Figure 2. Packet-processing stages.
Flows are defined by dp_netdev_flow data structure (not to be confused with the struct flow) and are stored into a hash table called flow_table. Some of the information stored in a flow are
- Rule
- Actions
- Statistics
- Batch (queue for processing the packets that matched this flow)
- Thread ID (owning this flow)
- Reference count
Often the words “flows” and “rules” are used interchangeably; however, note that the rule is part of the flow.
The entries stored in the dpcls subtables are {rule, flow pointer} couples. The dpcls classification can then be summarized as a two-step process where:
- A matching rule is found from the subtables after lookup.
- The actions of the corresponding flow (from the flow pointer) are then executed.
Figure 3 shows a call graph for packet classification and action execution.
Figure 3. Lookup, batching, and action execution call graph.
When a packet is received, the packet header fields get extracted and stored into a “miniflow” data structure as part of EMC processing. The miniflow is a compressed representation of the packet that helps in reducing the memory footprint and cache lines.
Various actions can be executed on the classified packet, such as forwarding it to a certain port. Other actions are available, for example adding a VLAN tag, dropping the packet, or sending the packet to the Connection Tracker module.
EMC Call Graph
EMC is implemented as a hash table where the match must occur exactly on the whole miniflow structure. The hash value can be pre-computed by the network interface card (NIC) when the RSS mode is enabled; otherwise hash is computed in the software using miniflow_hash_5tuple().
Figure 4. EMC processing call graph.
In emc_processing(), after the miniflow extraction and hash computation, a lookup is performed in EMC for a match. When a valid entry is found, an exact match check will be carried out to compare that entry with the miniflow extracted from the packet. In case of a miss, the check is repeated on the next linked entry, if any. If no match is found, the packet will be later checked against the dpcls, the second level cache. Figure 4 depicts the call graph of packet processing in exact match cache.
Datapath Classifier Call Graph
Figure 5 shows the main dpcls functions involved in the overall classification and batching processes.
Figure 5. dpcls call graph.
As described in our introductory article a dpcls lookup is performed by traversing all its subtables. For each subtable the miniflow extracted from the packet is used to derive a search key in conjunction with the subtable mask. See netdev_flow_key_hash_in_mask() function in Figure 6 where also hash functions are displayed.
Figure 6. dpcls lookup call graph.
A dpcls lookup involves an iterative search over multiple subtables until a match is found. On a miss, the ofproto table will be consulted. On a hit, the retrieved value is a pointer to the matching flow which will determine the actions to be performed for the packet.
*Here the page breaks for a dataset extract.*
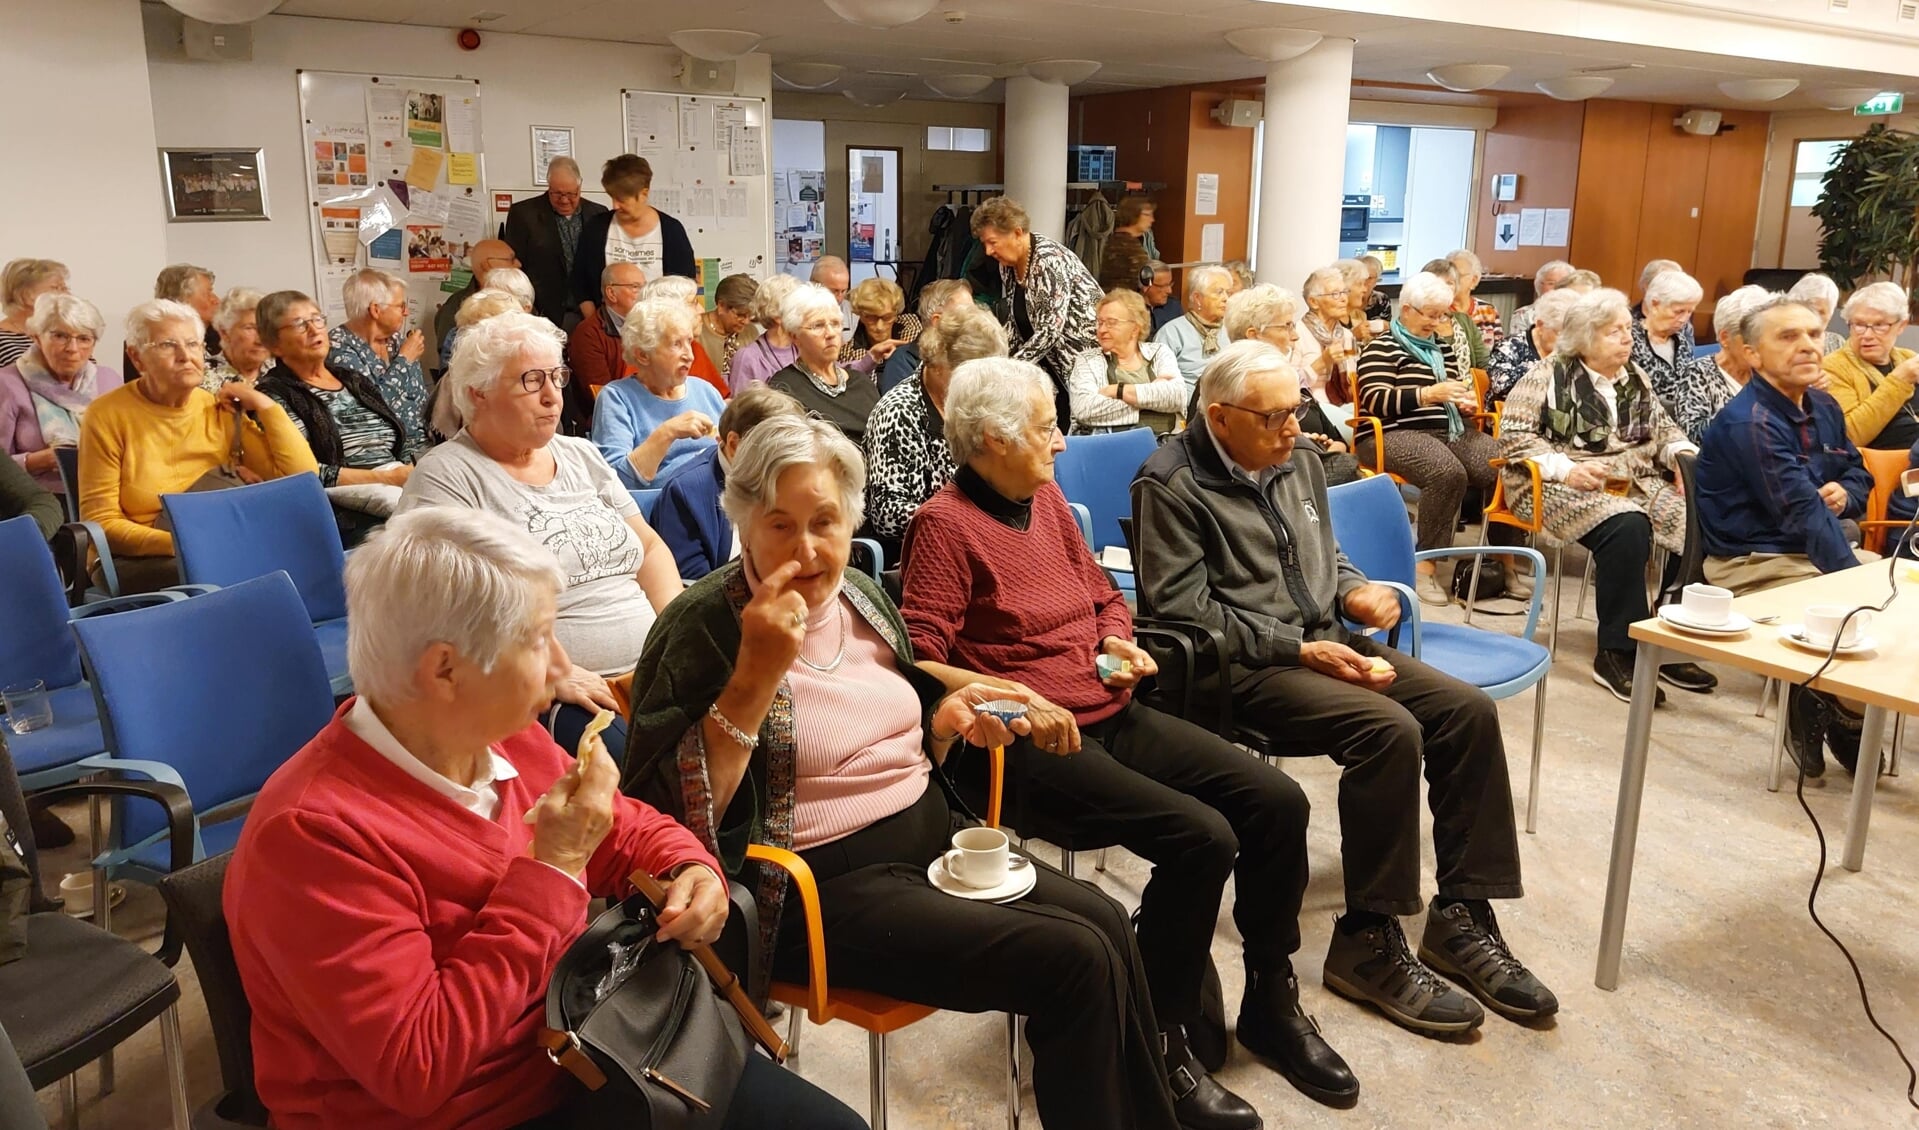 De leden van Senioren Belangen tijdens de pauze van de film “Pavarotti”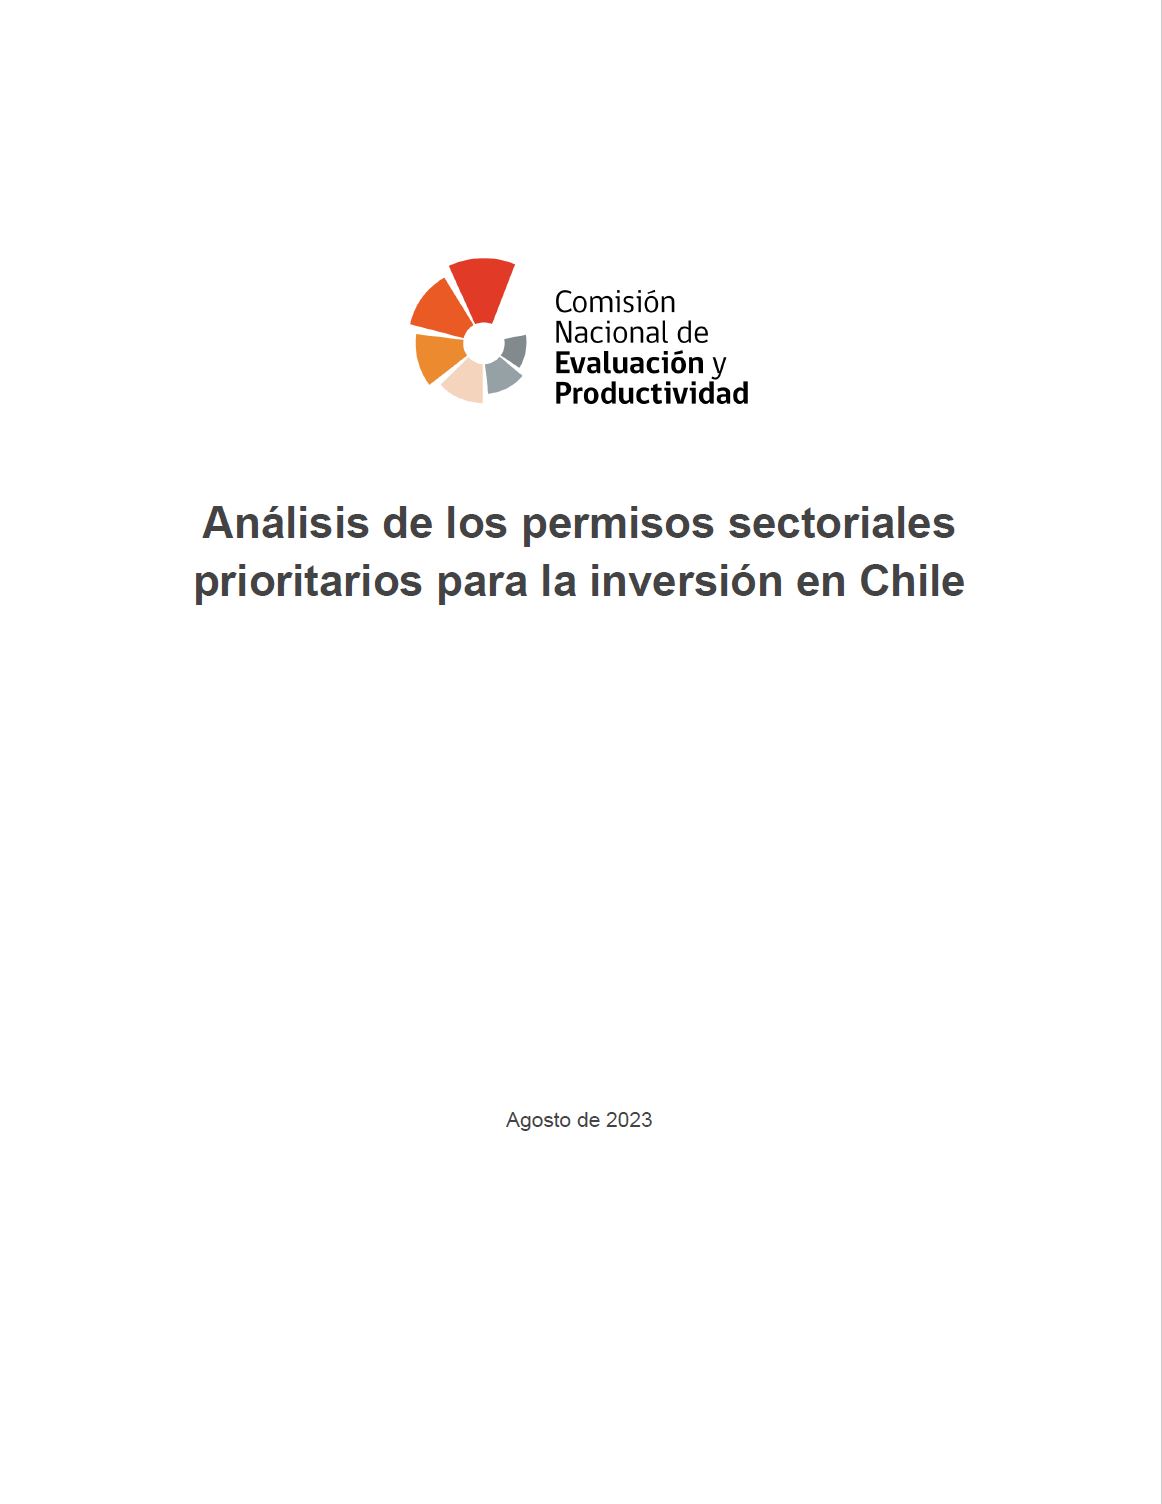 Acceso directo a los números publicados en la revista Análisis de los permisos sectoriales prioritarios para la inversión en Chile

A lookup on a subtable involves the following operations:
- The subtable mask will determine the subset of the packet miniflow fields to consider. The mask is then applied on the subset of fields to obtain a search-key.
- A hash value is computed on the search-key to point to a subtable entry.
- If an entry is found, due to the possibility of collisions (as is the behavior in hash table data structures), a check has to be performed to determine whether or not that entry matches with the search key. If it doesn’t match, the check is repeated on the chained list of entries, if any.
Due to their wildcarded nature, the entries stored in dpcls are also referred to as “megaflows,” because an entry can be matched by “several” packets. For example with “Src IP = 21.2.10.*”, incoming packets with Src IPs “21.2.10.1” or “21.2.10.2” or “21.2.10.88” will match the above rule. On the other hand, the entries stored in EMC are referred to as “microflows” (not to be confused with the miniflow data structure).
Note that the term “fast path” comes from the vanilla OvS kernel datapath implementation where the two-level caches are located in kernel space. “Slow path” refers to the user-space datapath that involves the ofproto table and requires a context switch.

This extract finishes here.